TASK BRIEF
Nothing in the copy should be a picture; everything else in the listing is to be restated exactly.

GIVEN INFORMATION
__________
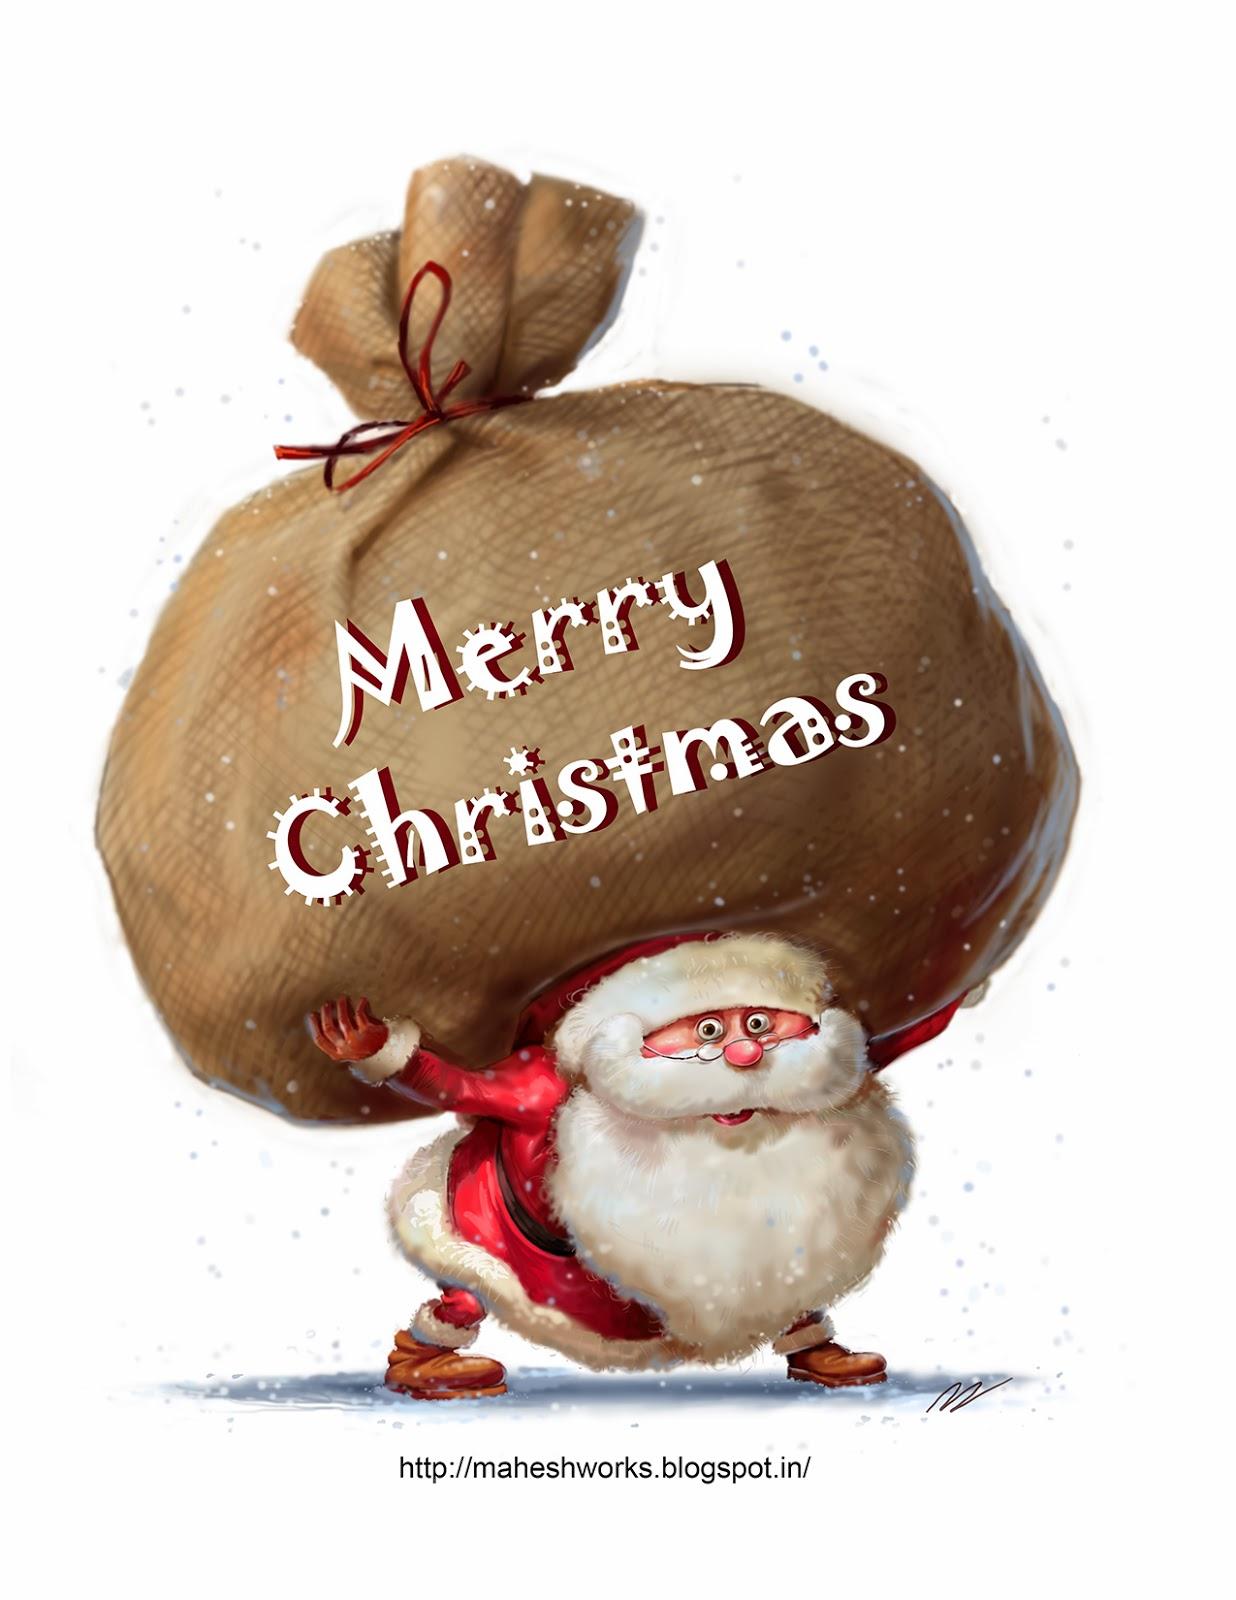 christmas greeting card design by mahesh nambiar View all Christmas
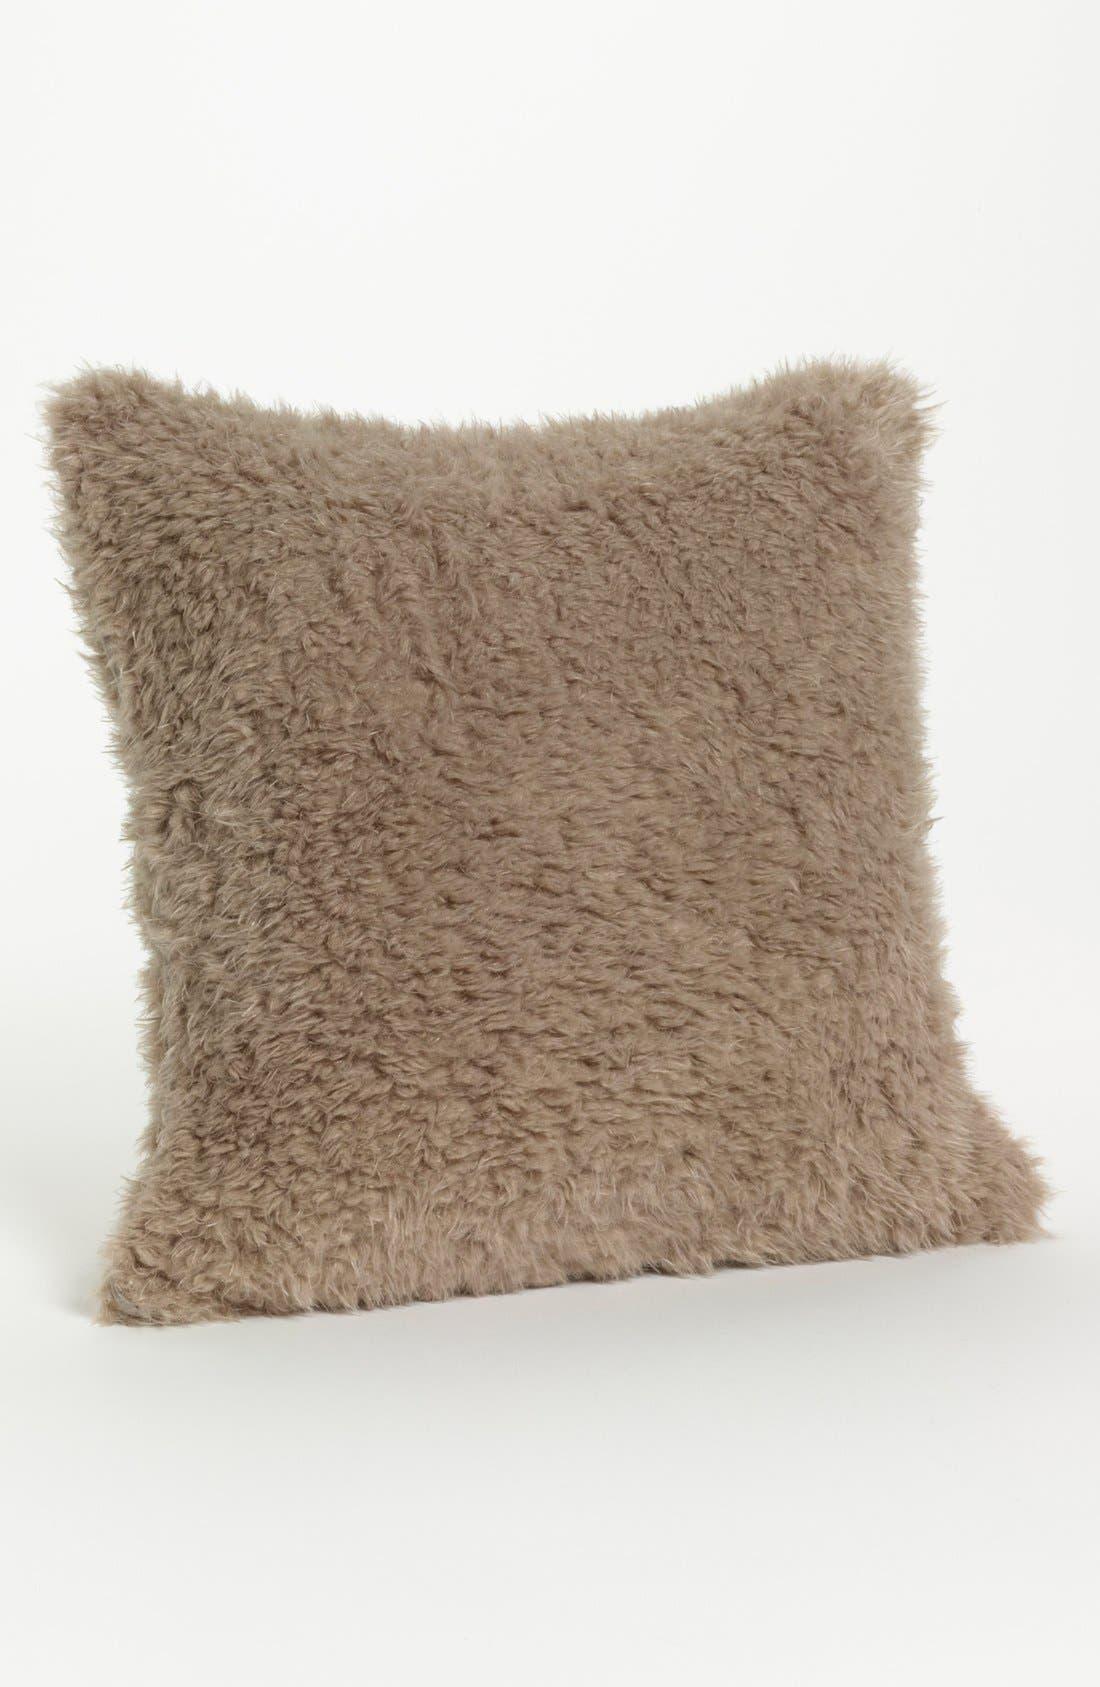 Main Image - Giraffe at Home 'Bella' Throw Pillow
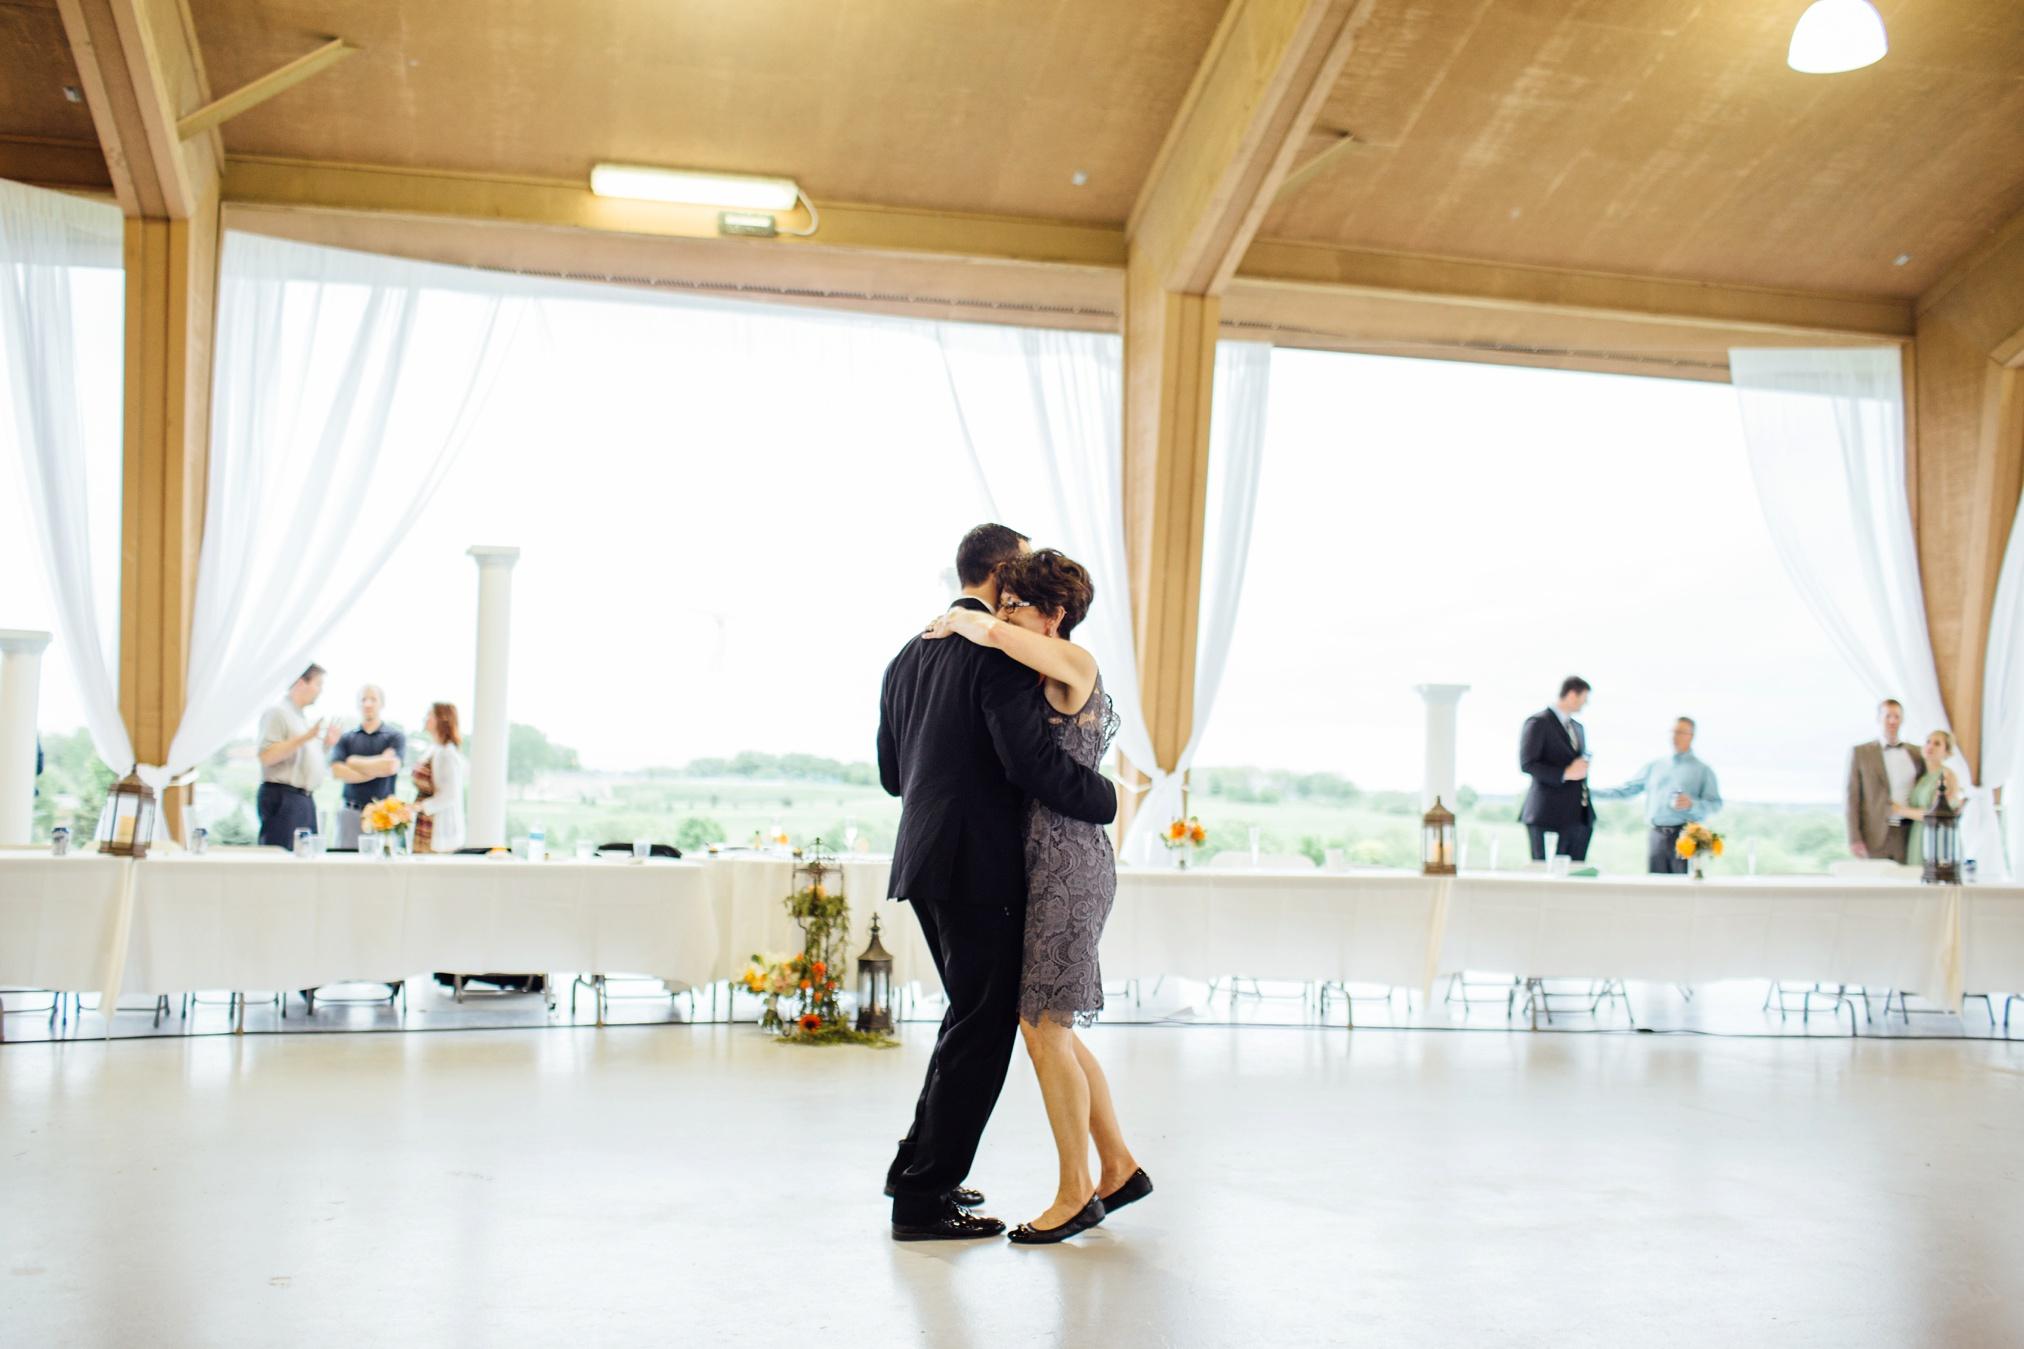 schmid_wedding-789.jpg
__________
SOLUTION BELOW
 christmas greeting card design by mahesh nambiar View all Christmas
 Main Image - Giraffe at Home 'Bella' Throw Pillow
 schmid_wedding-789.jpg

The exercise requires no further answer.